I was also able to see quite a few jets with my naked eyes! That's a first for me, and I'm always excited to see a new sky phenomenon for myself. I still haven't been able to see a sprite naked-eye, and it impresses me just how difficult that actually is. I'm flying in a private jet, right next to a thunderstorm, for the specific purpose of imaging sprites. I have very good low light eyesight, and I've watched tons of sprites in real time on the context cameras so I know exactly what and where to look. I was watching intently out the window while I snapped these shots, and the camera caught a sprite that I didn't see. Garggghhh! Since a typical sprite only lasts a couple of milliseconds, it's entirely possible it happened during a moment I looked away, or blinked. But still... Takeshi did manage to see one by eye last night, his first, so I'm not giving up yet.


  1. Hi Jason, I have seen several naked-eye sprites from the ground, when there's a decent storm in about the right place, though that hasn't happened yet this summer.

    I happen to live east of Fort Collins, just a few miles south of the Yucca Ridge station (I know Walter's retired now).

    I have wondered what the spectrum of a red sprite is and what it tells us. I'm also interested in the perceived color of sprites. Some are faint enough (due to distance, maybe) that they appear gray due to not stimulating the cone cells; but one I saw was a very strong red, almost like a car's tail-light!

    1. Well we can see in several color images throughout the years that the sprites tend to turn bluer on the lower edge, so why is that?
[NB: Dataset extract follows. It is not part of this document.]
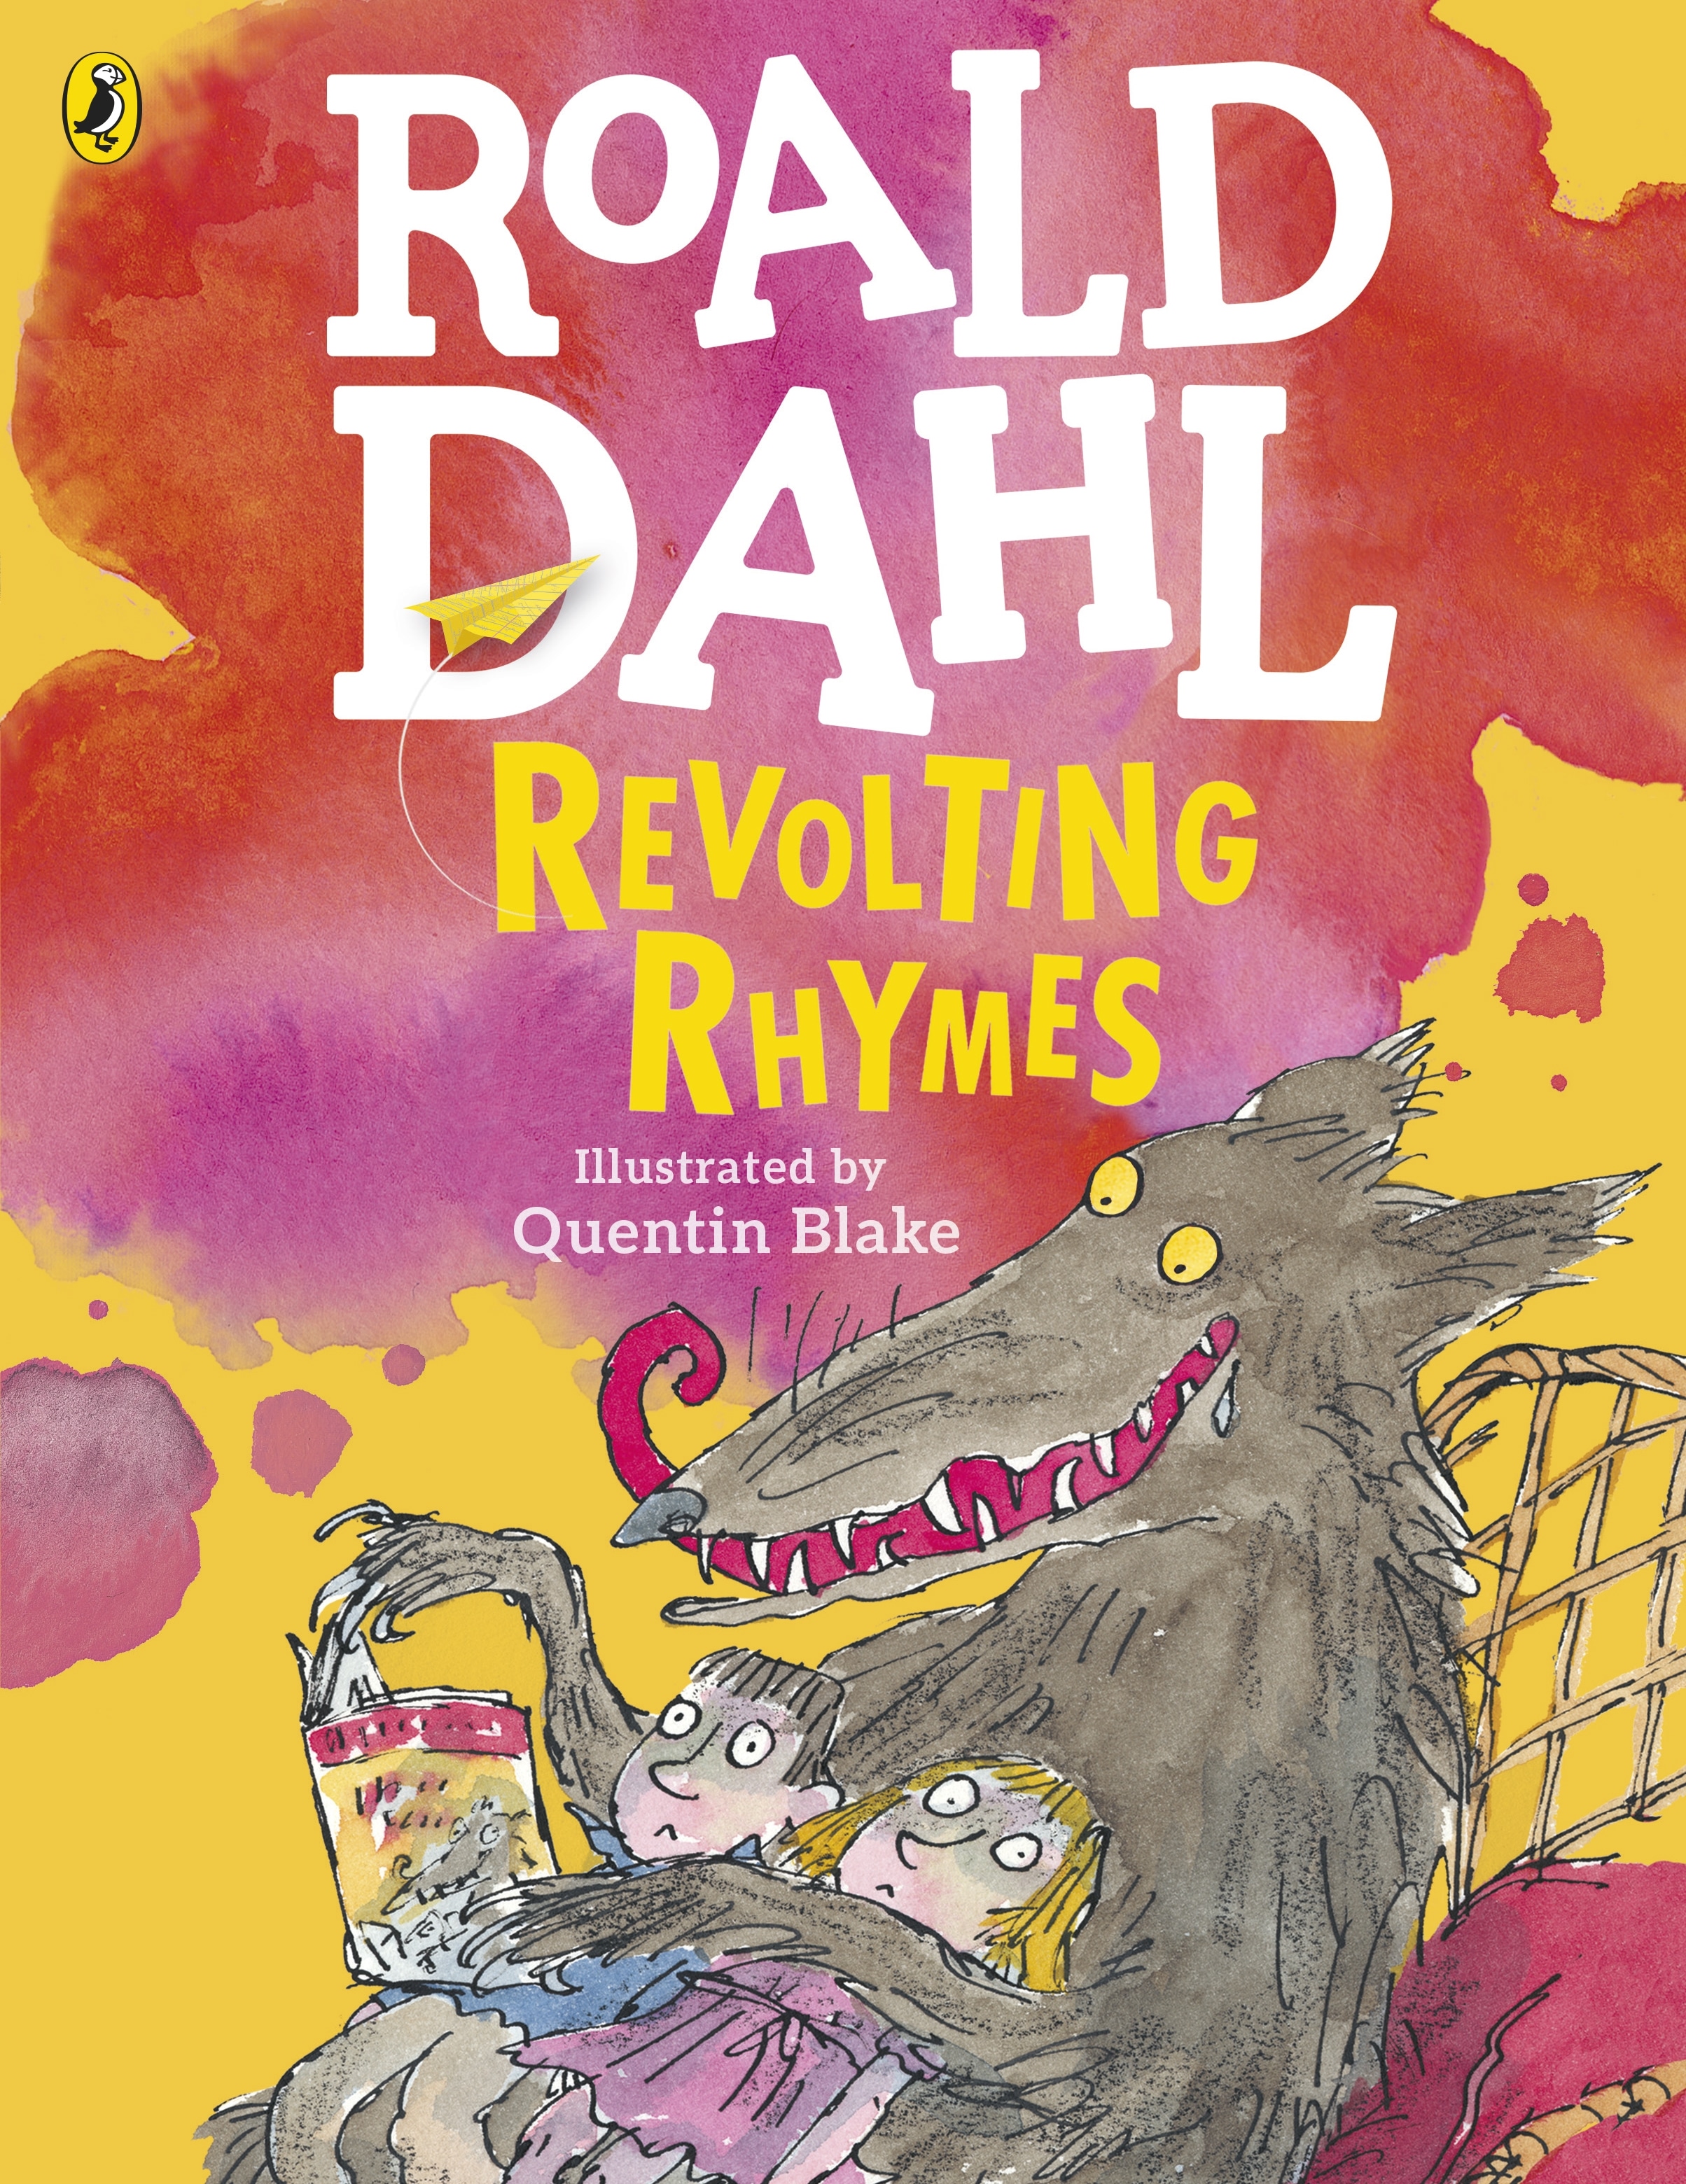 Book “Revolting Rhymes (Colour Edition)” by Roald Dahl — July 7, 2016

The spectrum will allow us to quantify that and determine which atmospheric species exactly are being ionized and emitting the light. I'm afraid I can't go into much more detail than that because it's not really my area of expertise.

      I know of a couple other people who've seen sprites in color with their naked eye. I've seen three naked eye sprites this campaign, my first ever, and they all looked grey to me. We were fairly close and above the thickest part of the atmosphere, so I don't think it's the distance that does it, I think it's just how bright the individual sprites are. Most of them probably aren't bright enough to stimulate your color vision so you see grey, but every once in a while you get a big bright jellyfish (and sometimes we see something we've dubber a 'super-jellyfish' which is extraordinarily bright and fast) and it might be bright enough to perceive as red.

    2. The bright one I saw wasn't quite the classic multiple-fused-carrots shape of a sprite. :-) It was more of a curved blob of light, quite high (angularly) and therefore quite close. Maybe that's a typical shape when seen from (kinda) below? Like all sprites, it was very short-lived.

  2. Hi Jason, Great captures! I understand your excitement of seeing these for the first time, I was dancing like an idiot when I first saw them earlier this year. Im interested more in how you can work out distances and such from the solver,

    I'd love to hear what you think from this shot I got,
    I'll split you, you get the first ever shot of a blue jet taken by dslr from a plane, and I'll take the first ever shot taken by dslr on land :)

    Cheers mate, Craig

    1. I can only estimate distance because I know we were flying about 200km away from the active hotspot. But I can get the angular size through the astrometry solver because it labels the stars and I can find the angular separation in a program like Stellarium. With the angular size of the sprite and an estimate of distance I can estimate the vertical size of the sprite. Unfortunately the automatic solver was unable to figure out the image, so I'll have to match the stars manually if I want to do that.